Lighted candles and a vase of white lilies adorned the altar, and near a podium a poster titled "In Memory" displayed photos of students walking across the Virginia Tech campus. As midday light streamed through the stained-glass windows, the mourners prayed or reflected upon the April 16 shootings.

Kent Fuchs, dean of the College of Engineering, whose son Eric is a junior at Virginia Tech, closed his speech by reading a few words from his colleague, Virginia Tech Engineering Dean Richard Benson. "And we will never forget the friends that we lost," Fuchs quoted Benson. "As long as there is a Virginia Tech they will be remembered. They are more than friends. They are family." Fuchs also noted that he was at a meeting with Benson when the shootings occurred.

"We are one," said Cornell President David Skorton. "We are one community, one people, one planet. We are here today to affirm that oneness ... We are here to bear witness to the passing of the 33 members of our family at Virginia Tech University who have met an untimely and terrible fate."

And, he said, "We are here for all of those who are gone, for all 33. We are here for the 32 who have passed from the immediate to another place, not by their own choice. We are also here for the one who has also passed."

He added that those present were there to "join with our friends in the Korean and Korean-American communities for we are all one family, most especially today we share the same sorrow and the same need for comfort and reassurance."

Returning to the phrase, "We are one," throughout his elegy, Skorton ended by saying, "We will stay together, we will go forward together, we will never forget our loss. We are one."

Following Skorton's remarks, Rev. Heewon Chun, chaplain of the Korean Church at Cornell, delivered a moving rendition of "Panis Angelicus," César Franck's well-known hymn.

Cornell Provost Biddy Martin remarked that she watched the tragedy unfurl on local television while visiting her mother in southern Virginia and was struck by the dignity and humility of Virginia Tech students interviewed by the press. She said that they asked "that we not reduce their experience of their university by this horror," which is now referred to as the largest single shooting in U.S. history.
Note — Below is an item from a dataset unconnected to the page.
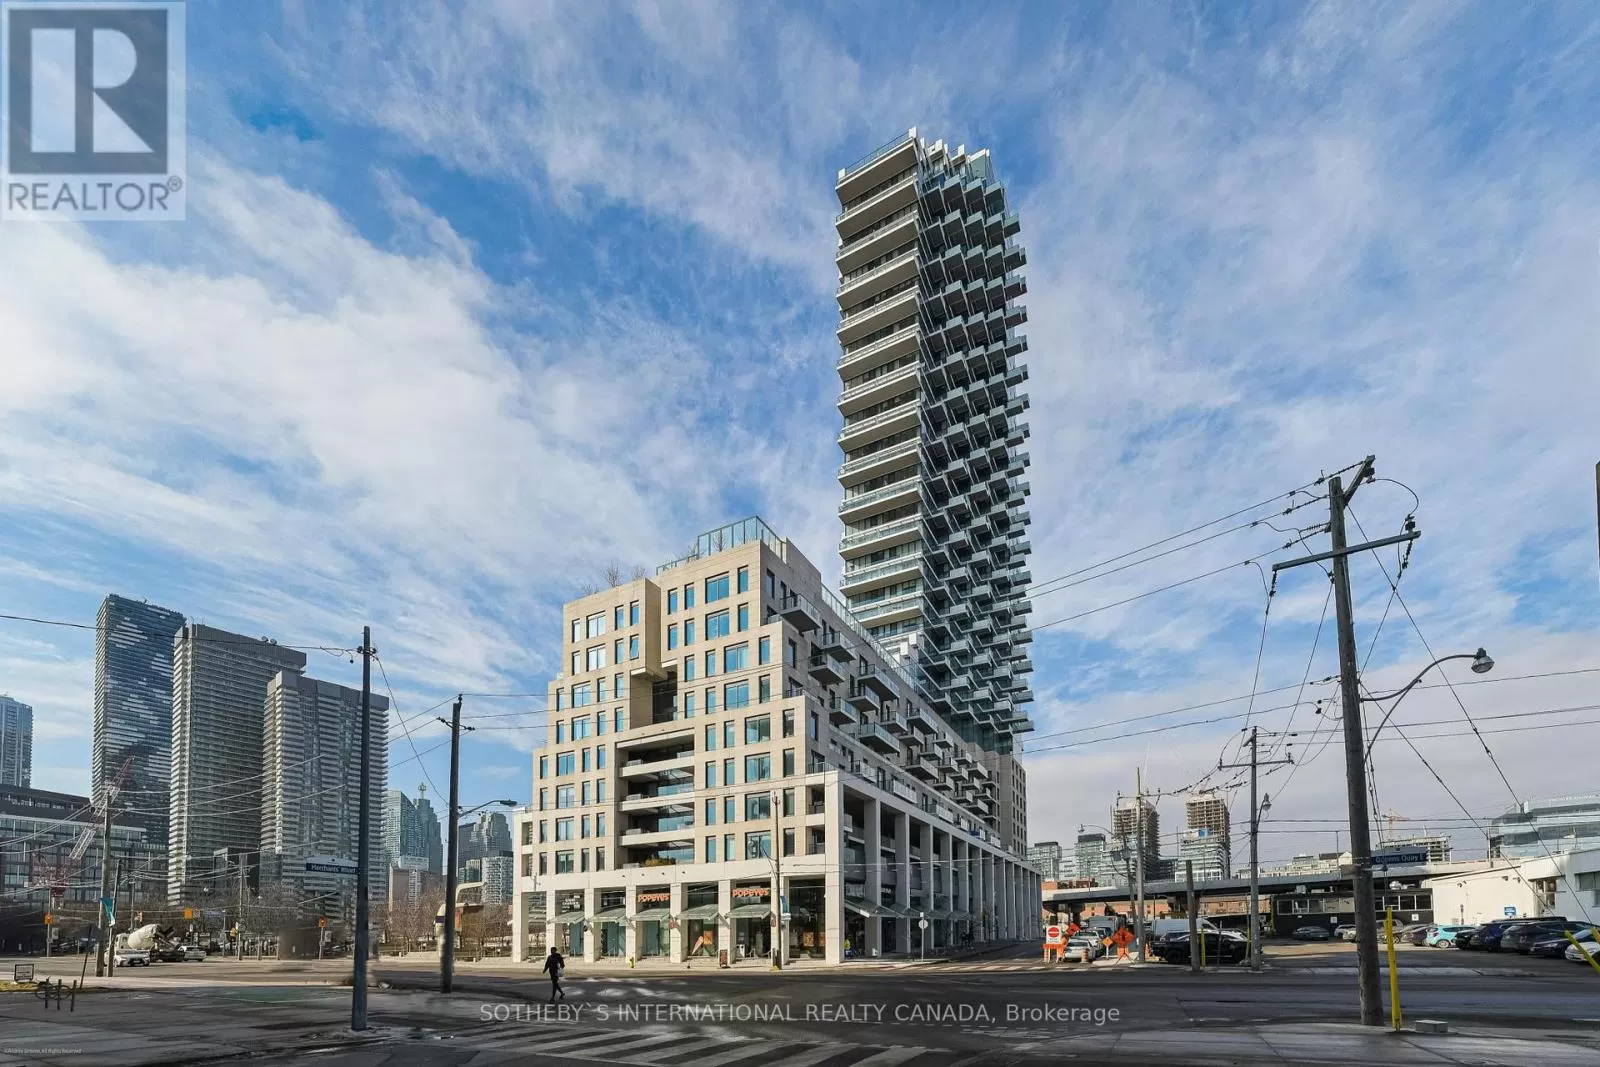 Apartment for rent: 517 - 12 Bonnycastle Street S, Toronto, Ontario M5A 3T7
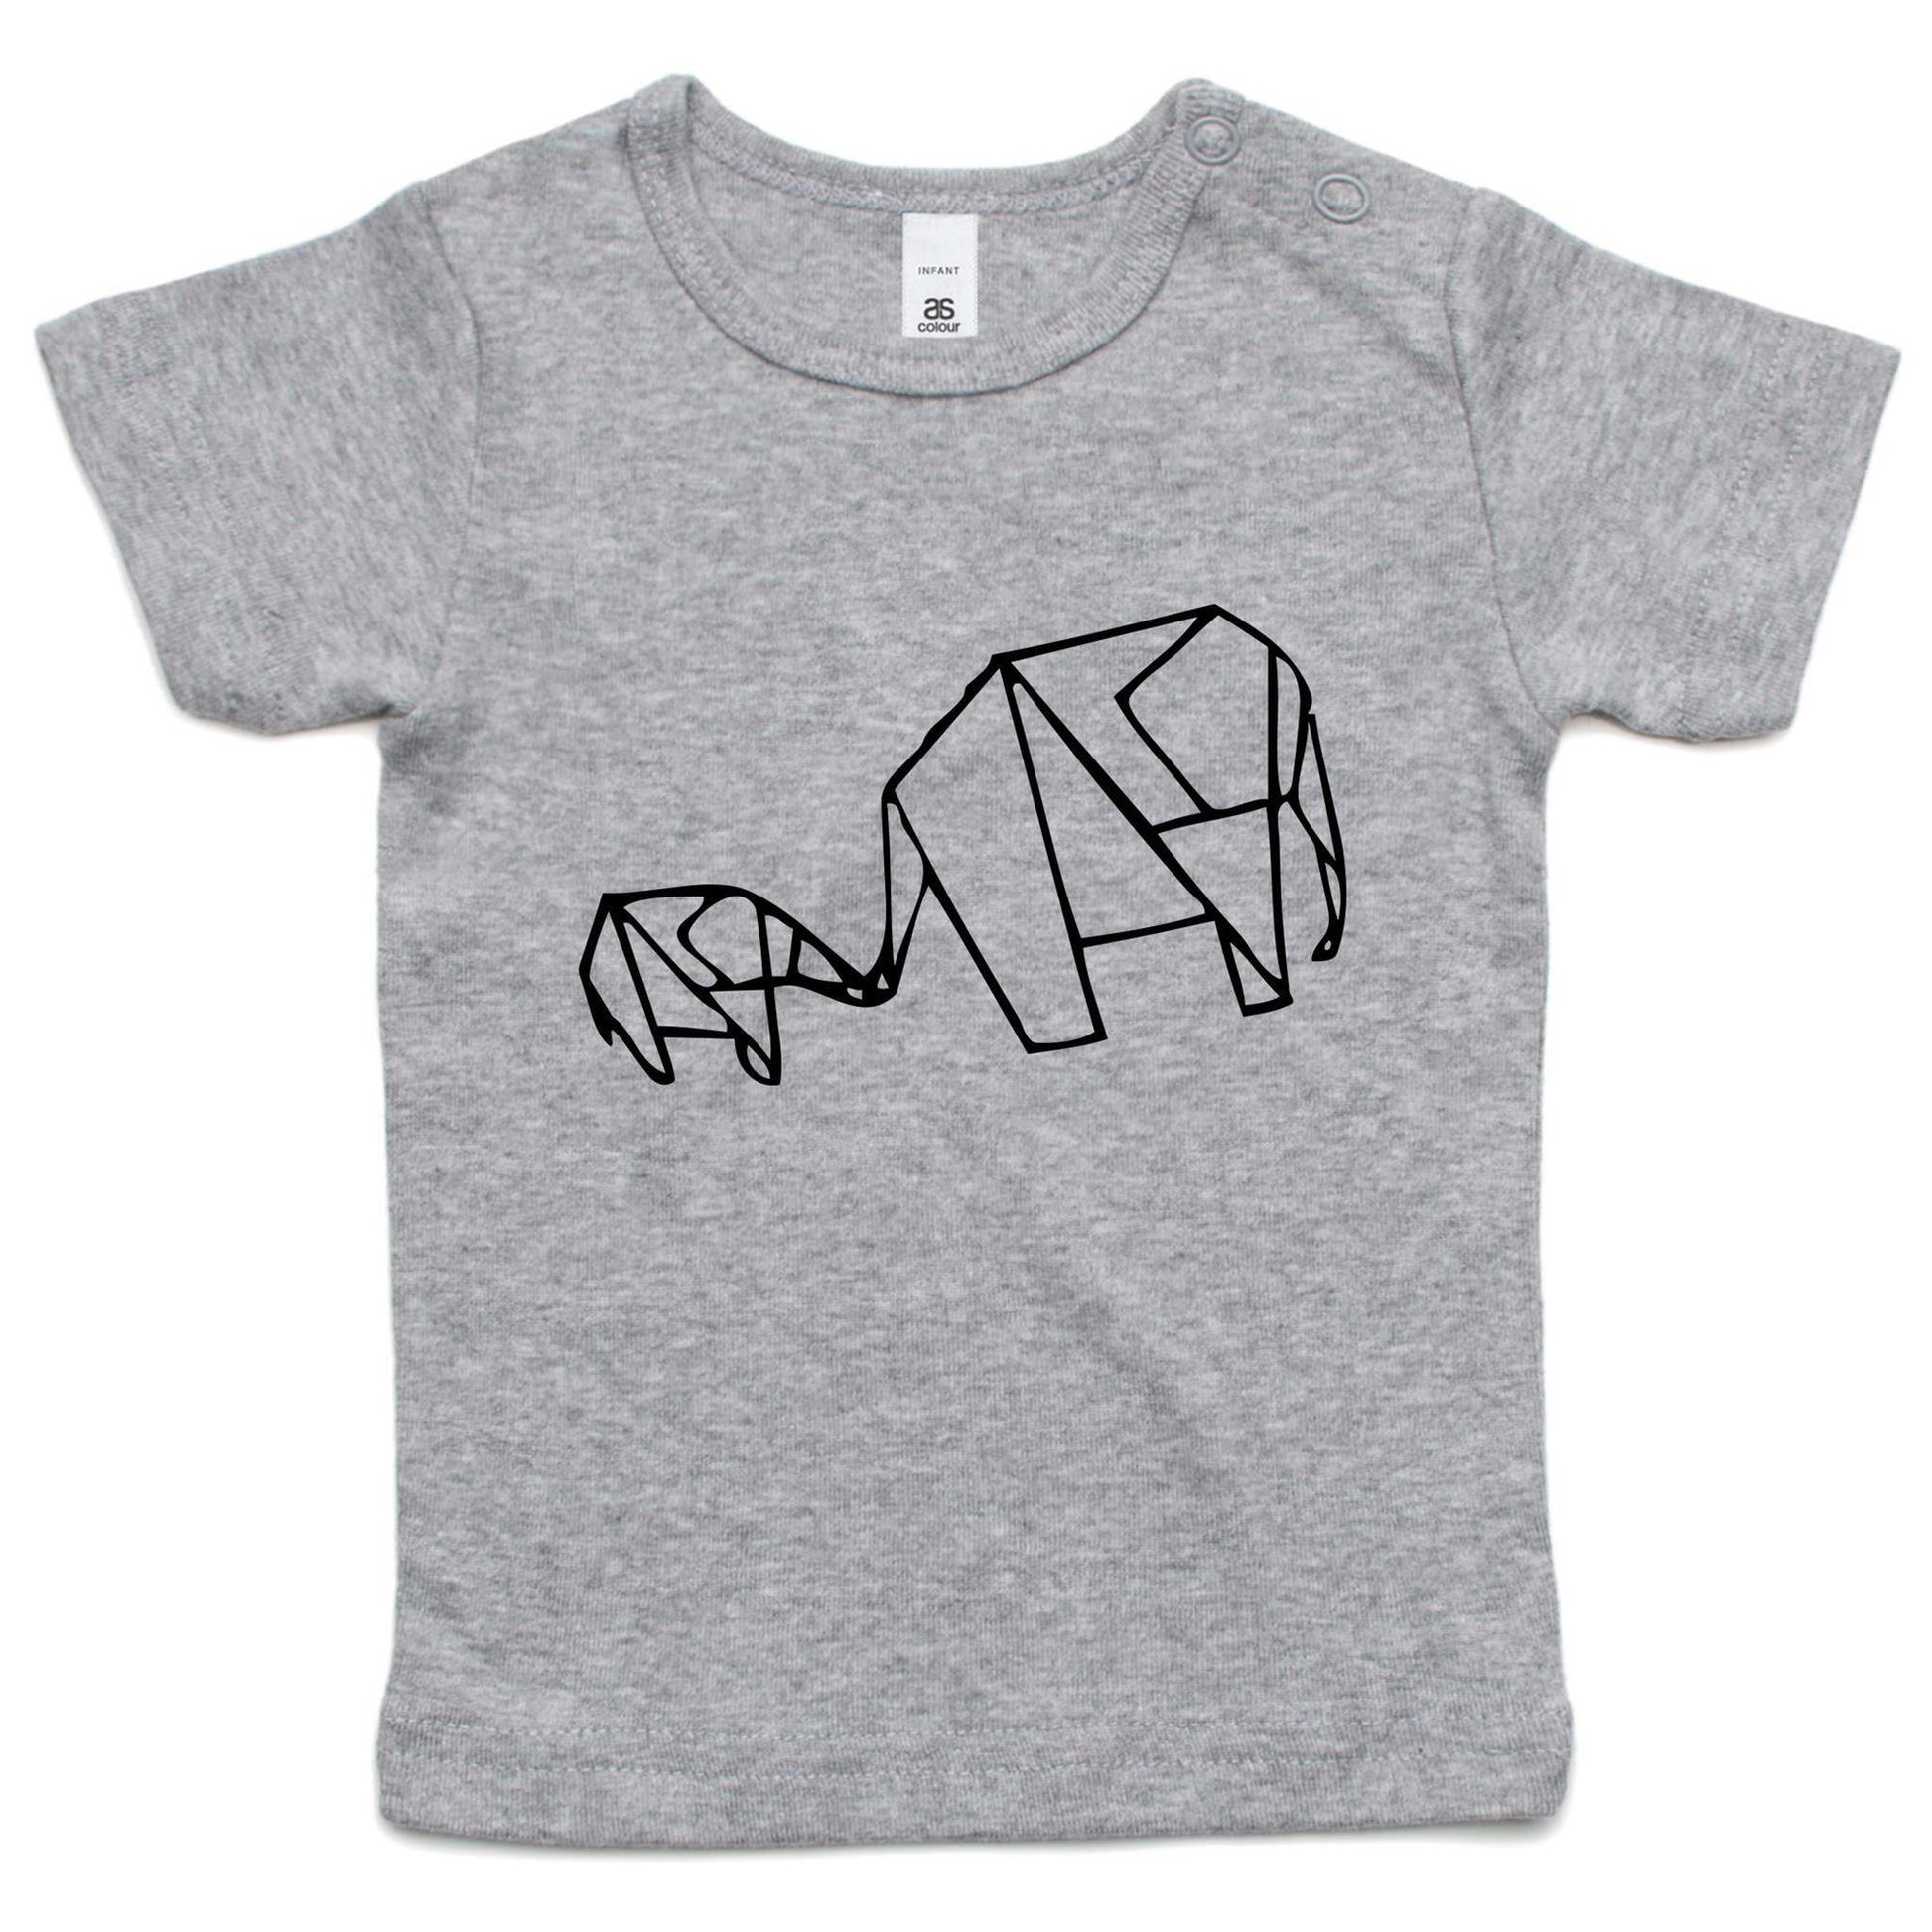 Origami Elephants - Baby T-shirt Grey Marle Baby T-shirt kids

Martin added that the students wished to keep intact their experience of Virginia Tech, in spite of their loss of friends and the loss of their "sense of safety and thrilling openness of a university campus."

Martin quoted Nikki Giovanni, the noted Virginia Tech poet and professor, who had spoken about the tragic events at a Virginia campus memorial, "'We will prevail ... but not by moving on, but by going straight through this loss and sense of grief together.'"

A minute of silence followed Martin's remarks.